** TASK REQUIREMENTS **
Everything in the data gets repeated exactly, except for the pictures.

** AVAILABLE DATA **

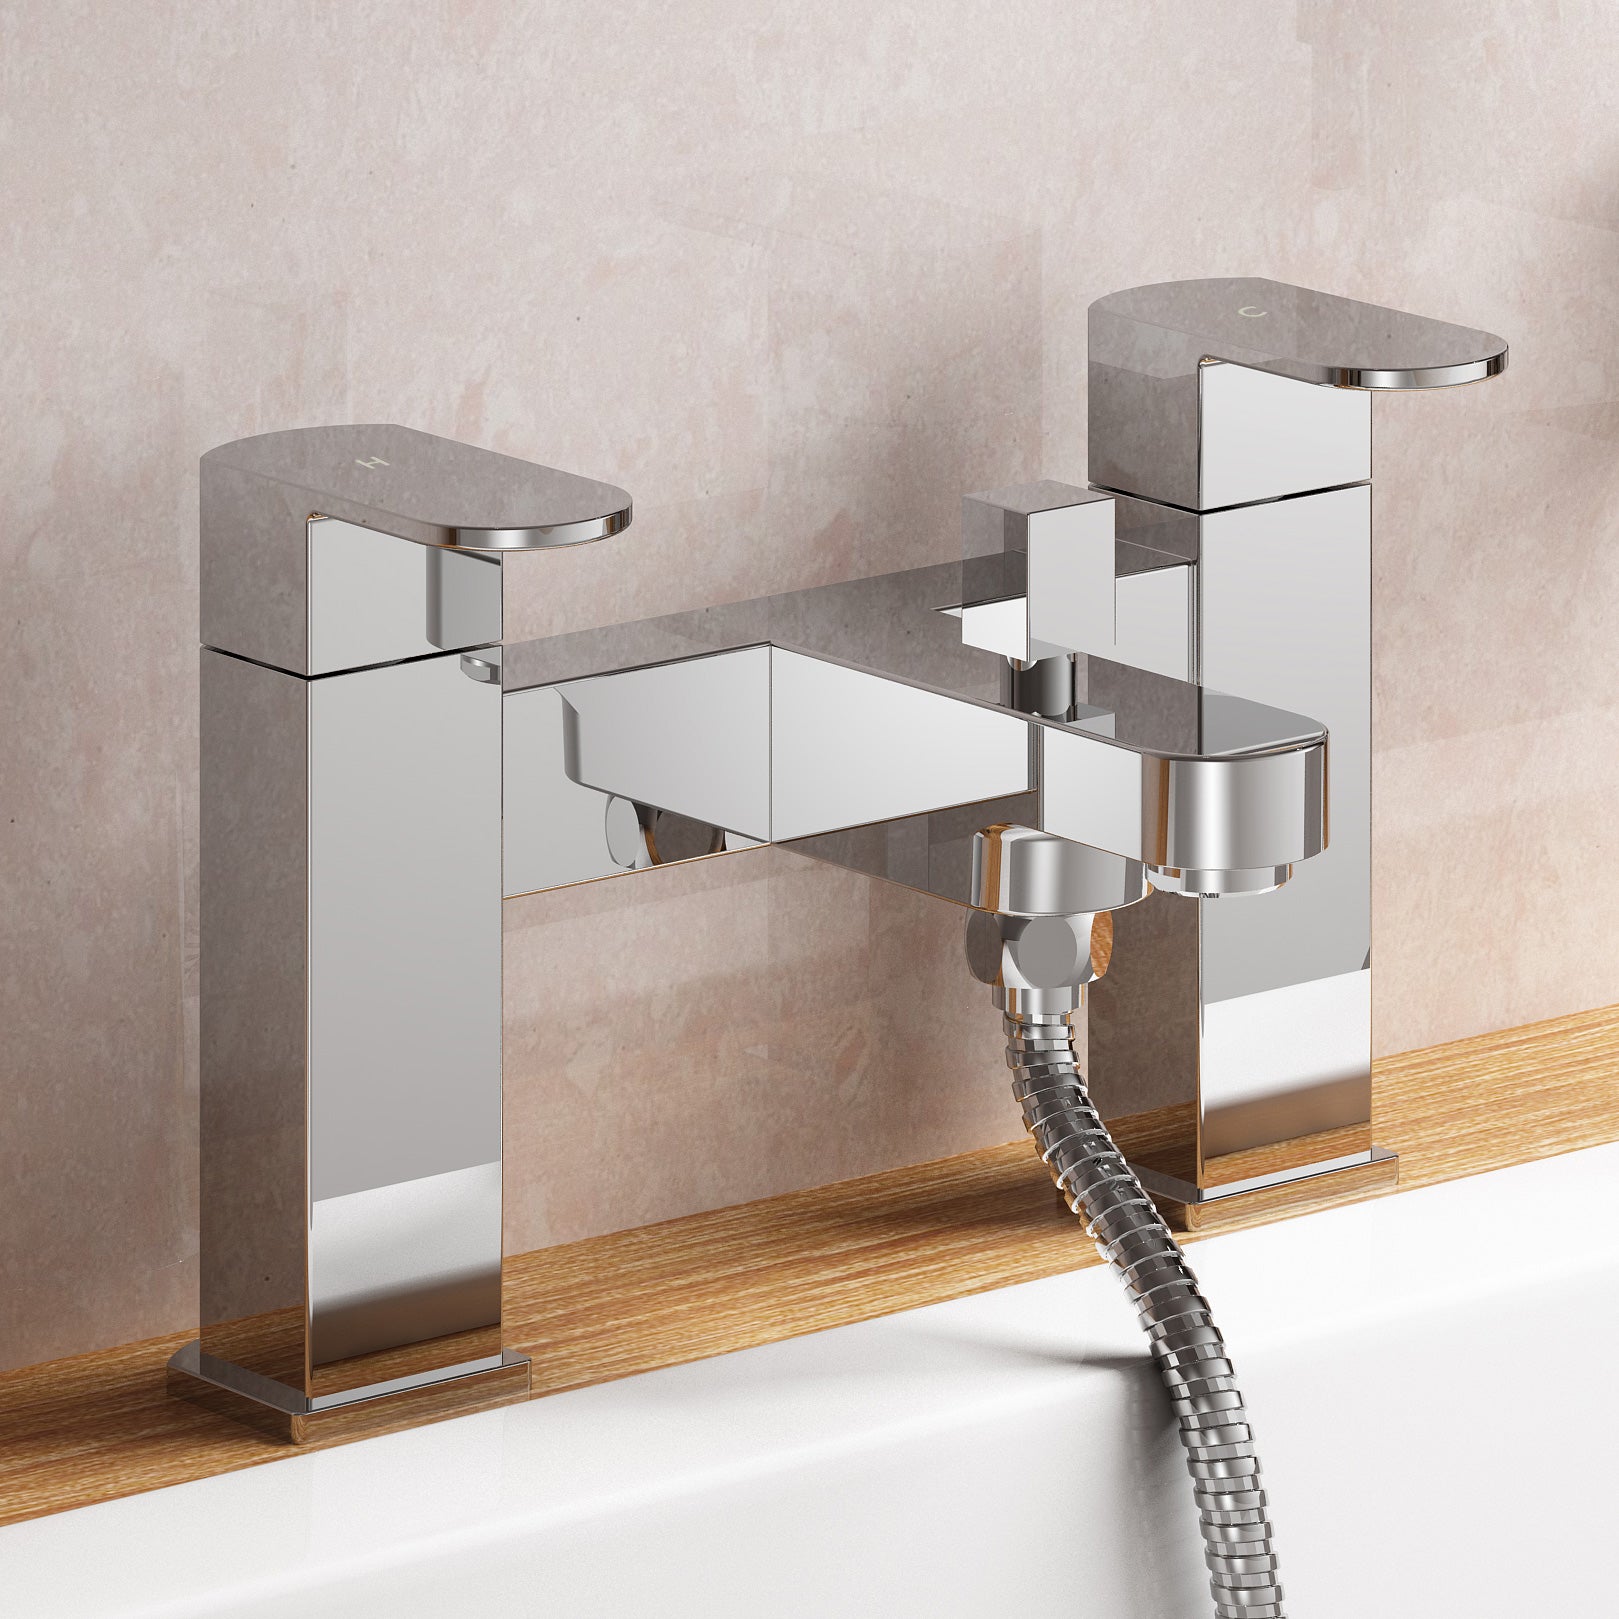 Eclipse Modern Bathroom Bath Shower Twin Lever Mixer Taps With Hand Held
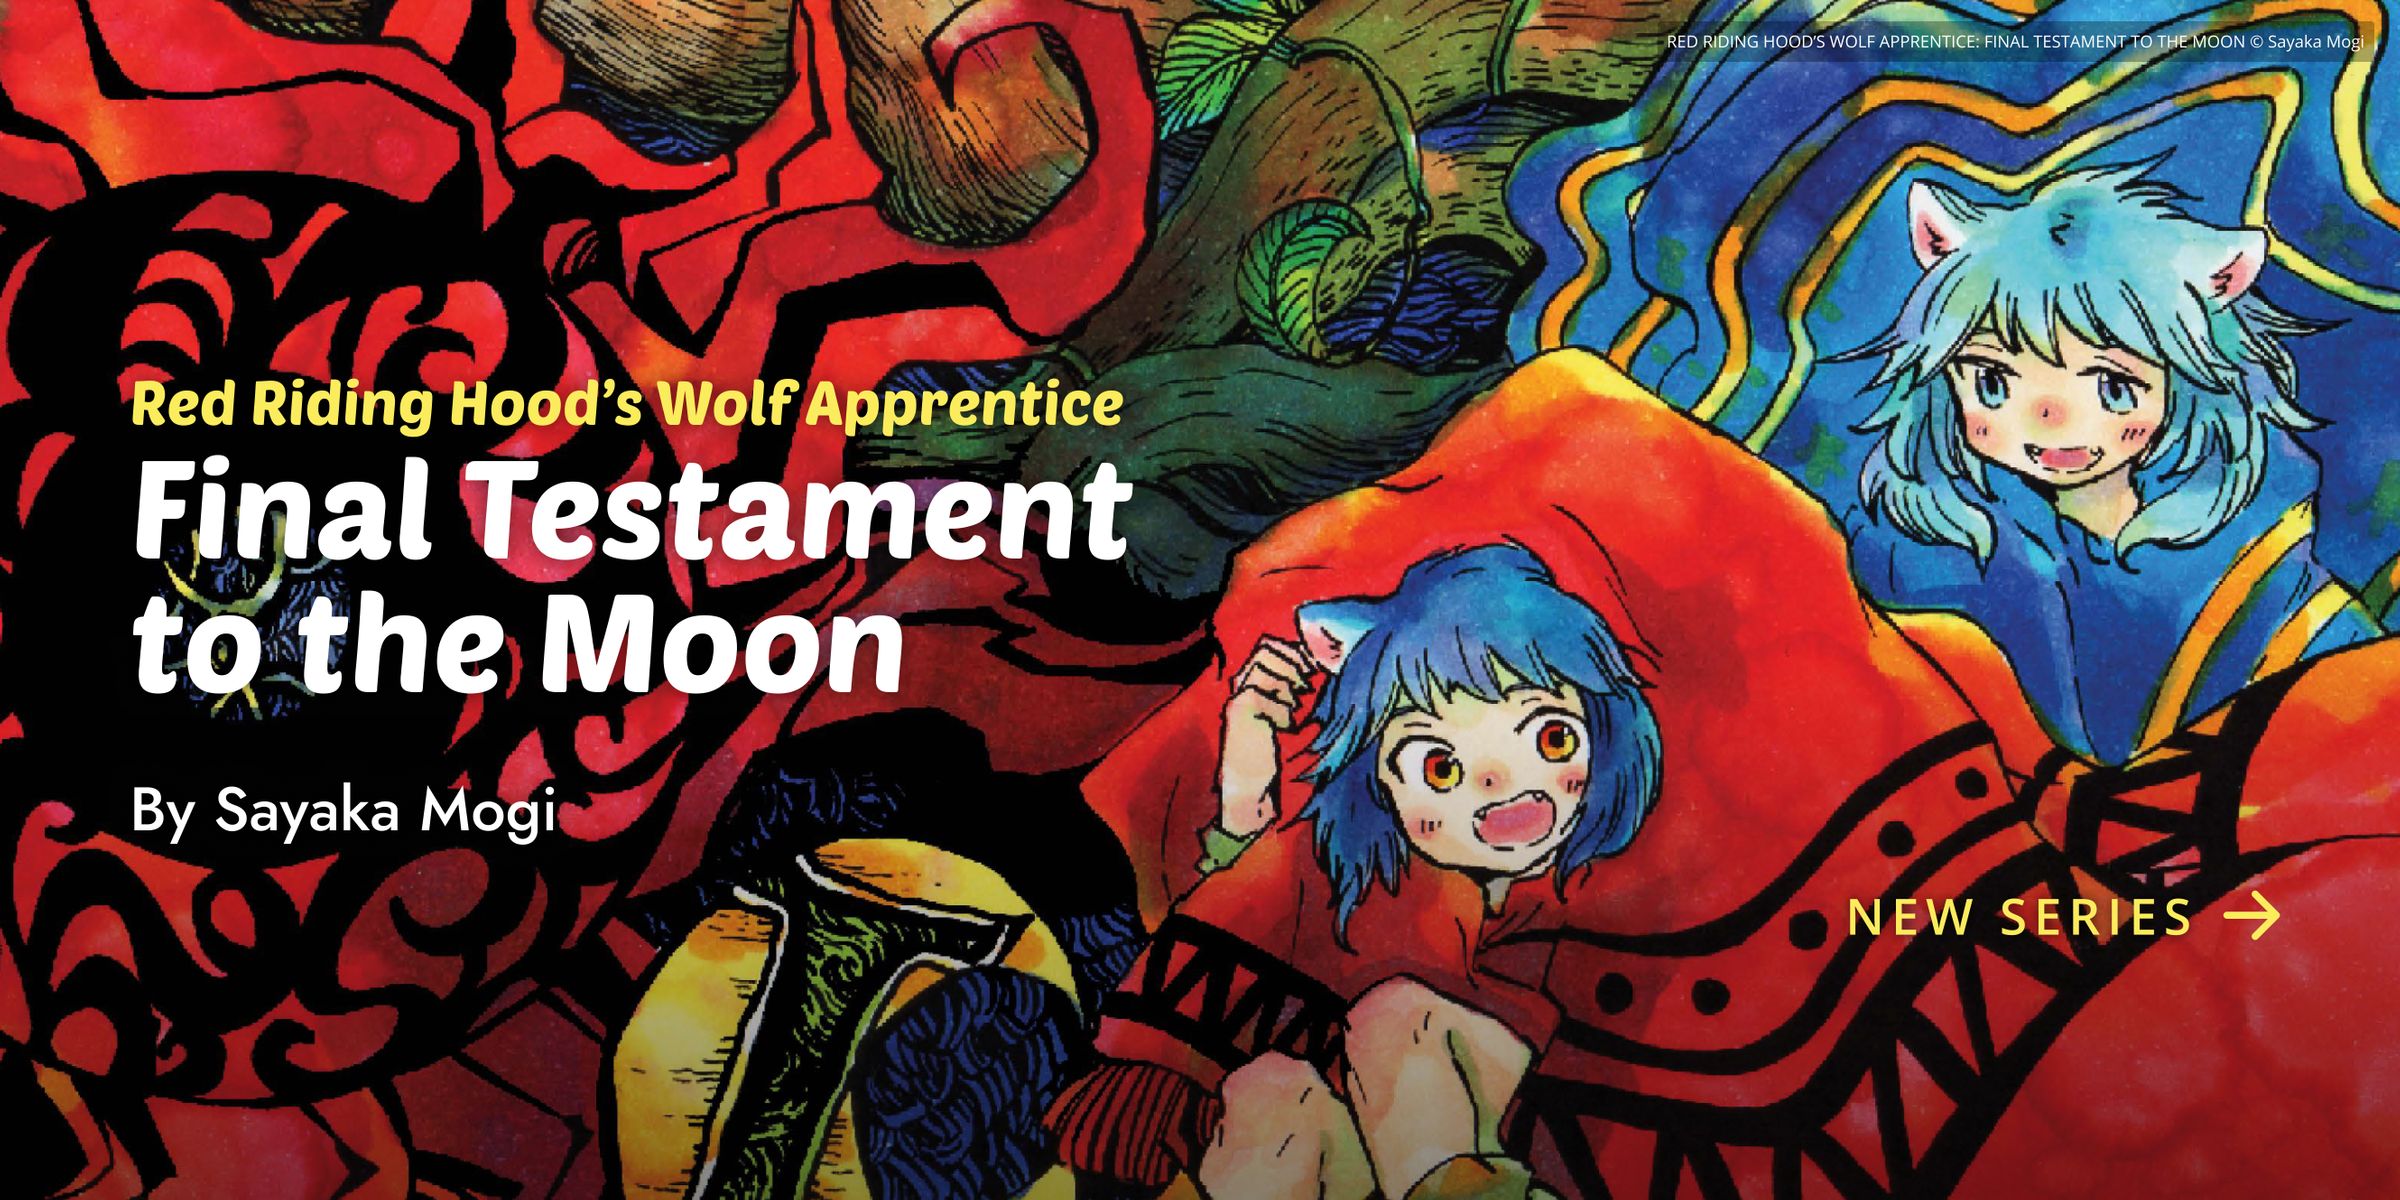 Red Riding Hood’s Wolf Apprentice: Final Testament to the Moon. By Sayaka Mogi. New Series.
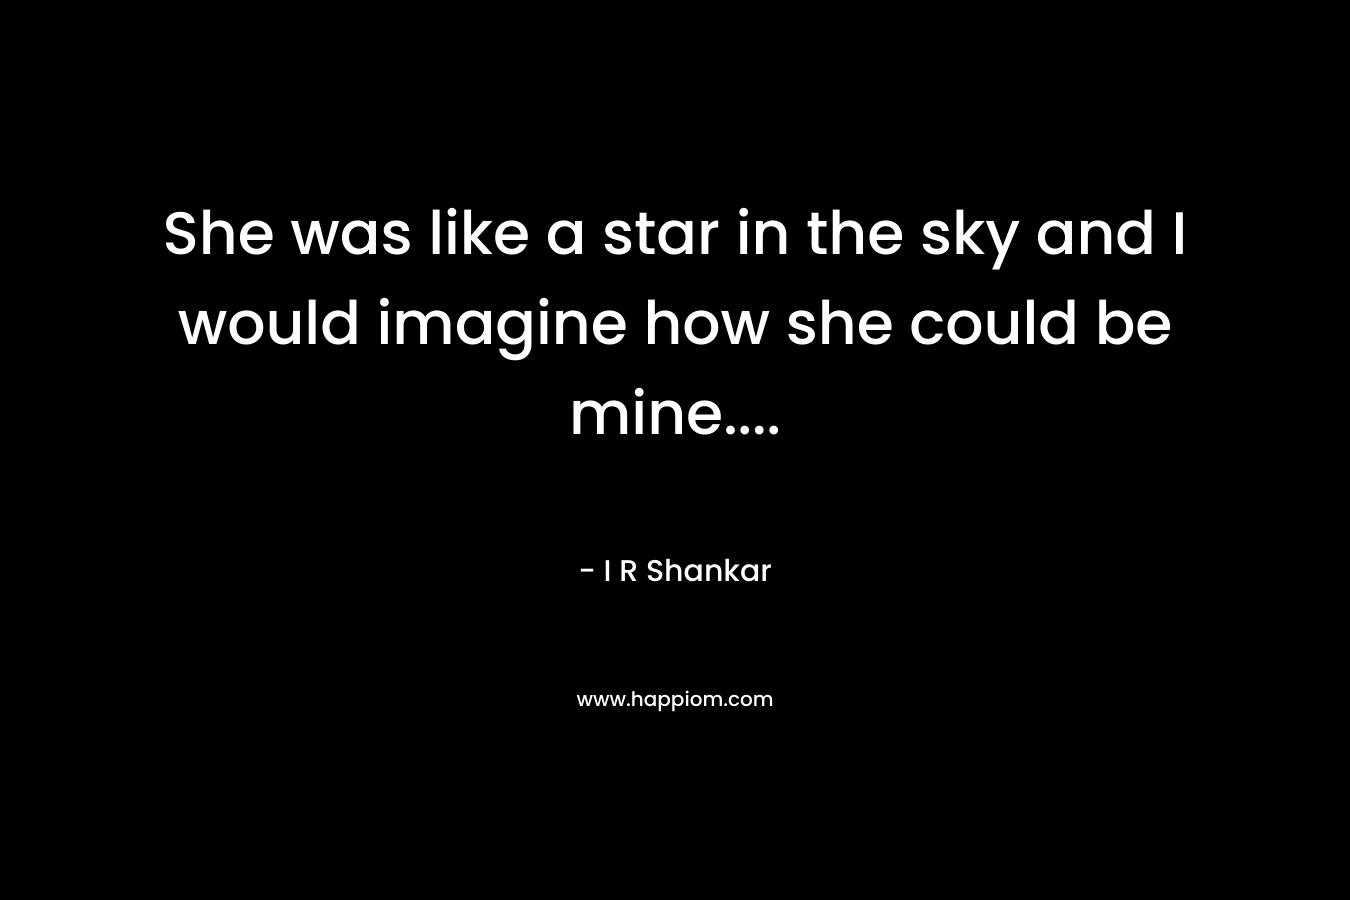 She was like a star in the sky and I would imagine how she could be mine....

** SOLUTION TO THIS EXERCISE **
 Eclipse Modern Bathroom Bath Shower Twin Lever Mixer Taps With Hand Held
 Red Riding Hood’s Wolf Apprentice: Final Testament to the Moon. By Sayaka Mogi. New Series.
 She was like a star in the sky and I would imagine how she could be mine....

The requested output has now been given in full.